Hi - sorry for your troubles. The latest versions of Loom tries to be a bit more strict about the Loom format, in an attempt to better enforce compatibility between consumers of the loom format. By default, before opening a file, the file is validated against the latest Loom file specification and any deviations are reported.

I looked at the file you're trying to open, and it has at least two issues. First, strings are stored as variable-length UTF8, not HTML entity-encoded fixed-length ASCII as required by the spec. Loom requires strings to be stored as fixed-length ASCII only (but supports Unicode by using HTML entity encodings). We might consider relaxing this requirement, but that will complicate Loom readers a lot. You can store strings in HDF5 in many ways (fixed-length or variable, UTF8 or ASCII, null-terminated or not, null or space-padded, ...) but fixed-length ASCII is the one that is most broadly supported across platforms and languages.
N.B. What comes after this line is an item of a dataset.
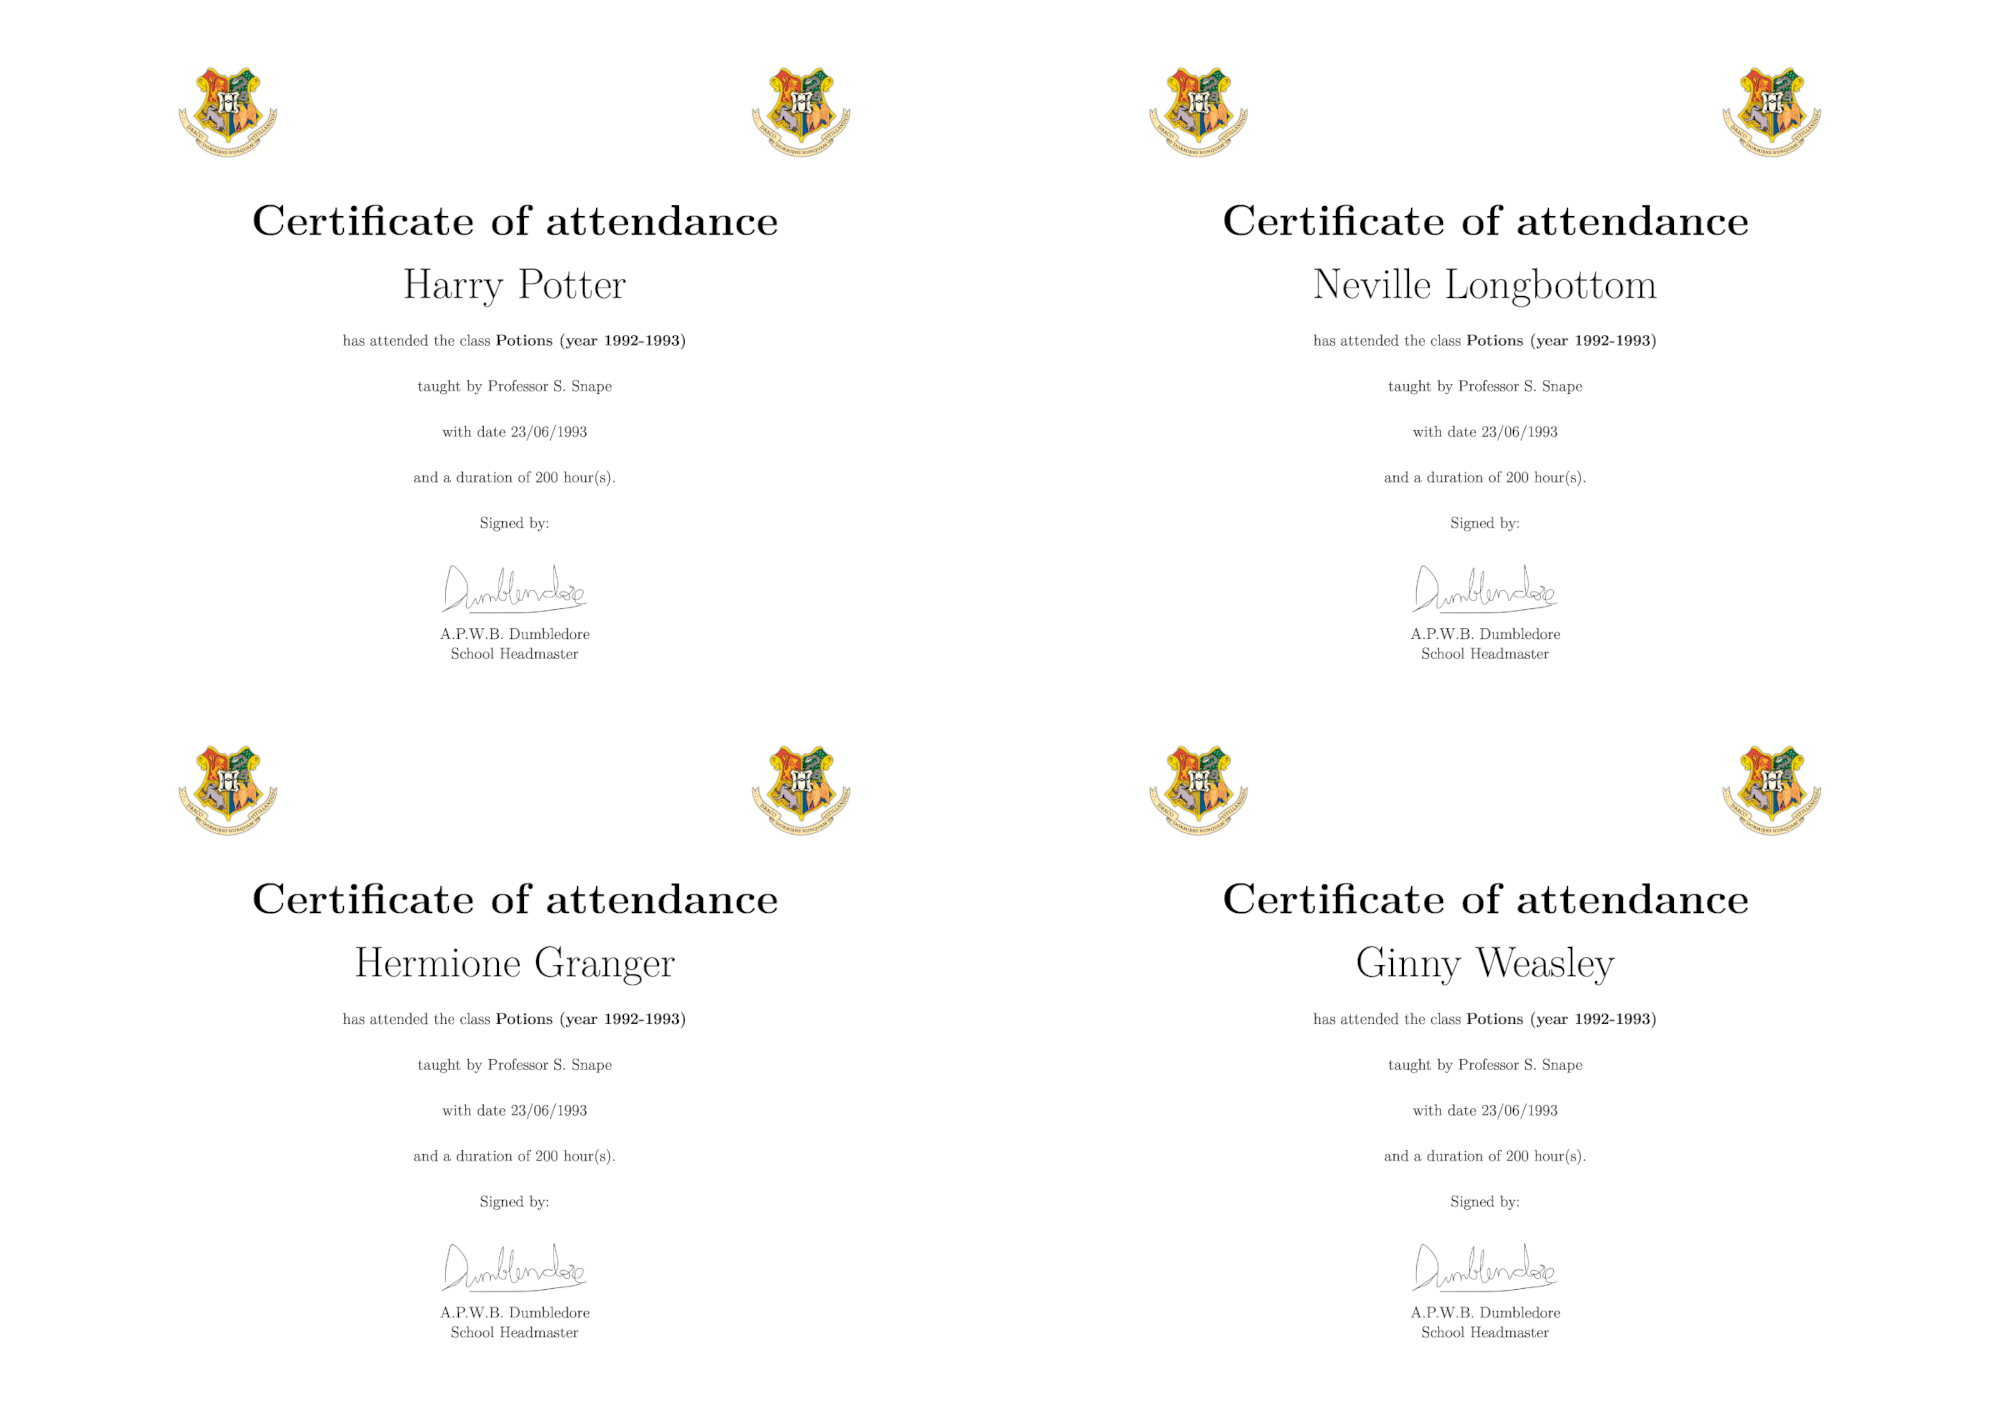 Attendance certificates

The second issue is that the file contains HDF5 enum datatypes (e.g. row attribute Regulons), which are not supported by Loom (because not supported by h5py). When reading such attributes, they will come out as arrays of integers, but the string representation of the enumerated datatype will be lost unfortunately. Interestingly, the error message reveals that h5py has actually correctly parsed out all the enum

You can turn off validation by adding the validate=False flag to the loompy.connect(...) call. This will bypass strict validation, but you may still encounter errors when reading non-standard Loom files. I've added a fix now that allows variable-length UTF8 strings to be read (I had already added support for variable-length ASCII as sometimes produced by R), which I will push to PyPi shortly.

orrzor commented 5 years ago

Hi Sten, Thank you so much! I pulled your latest commit and used the validate=False flag and can now read in the loom file. I really appreciate your quick fix and support for the loom format. Thanks also for your clear explanation of why I was getting this problem.

Best, Orr